Jason Kenney led Alberta through COVID-19 pandemic, oil crash
Global News
Jason Kenney told a shocked audience of invited guests and cabinet ministers Wednesday that 51 per cent support of party rank and file in his leadership review was not enough.
Alberta Premier Jason Kenney, at the founding convention of his United Conservative Party in 2018, said he’d consider members’ input on policy but the bottom line was simple: “I hold the pen.”
Four years later, the membership took back the pen and made it clear to the driving force behind the reunification of conservatives in Alberta that the writing was on the wall and it was time for him to go.
Jason Kenney, the province’s 18 premier, told a shocked audience of invited guests and cabinet ministers Wednesday that 51 per cent support of party rank and file in his leadership review was not enough to quell internal dissension wracking his party.
He announced he would resign from the top job, saying that while his team had accomplished many things, a lack of unity put it all in jeopardy.
“We reunited the free enterprise movement in Alberta politics, and we won the largest electoral mandate in our province’s history,” said Kenney.

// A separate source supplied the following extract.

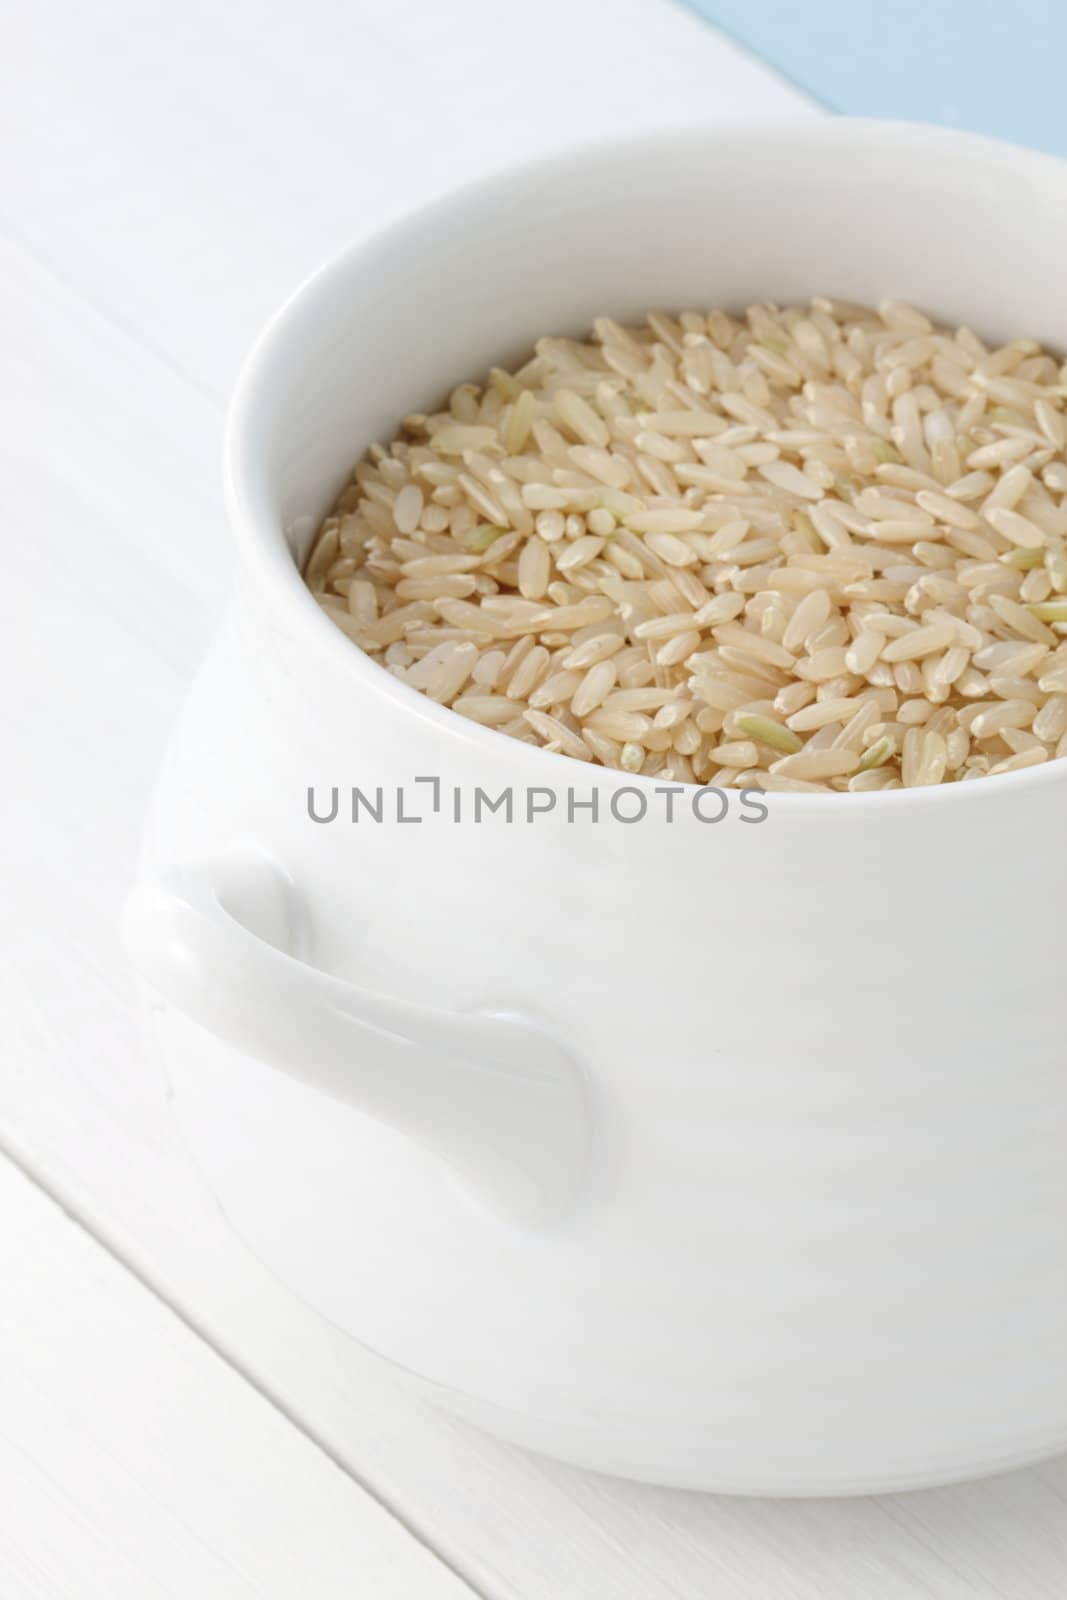 Nutritious Brown rice, whole grain, that delivers fiber and protein, is low in Saturated Fat, and very low in Cholesterol and Sodium.

“We inherited profound fiscal and economic challenges. And then we went through three once in a century crises: the largest public health crisis in a century, the largest collapse of the world economy in nearly a century and for the first time ever we experienced negative oil prices.
In his three years as premier, Kenney steered the province through the COVID-19 pandemic while seeking to expand the oil and gas sector, further diversify the economy and remake the public health system. On the strength of soaring oil and gas prices, he balanced the budget for the first time in years.
His trademark was bulldog willpower combined with work ethic and tenacity few could match.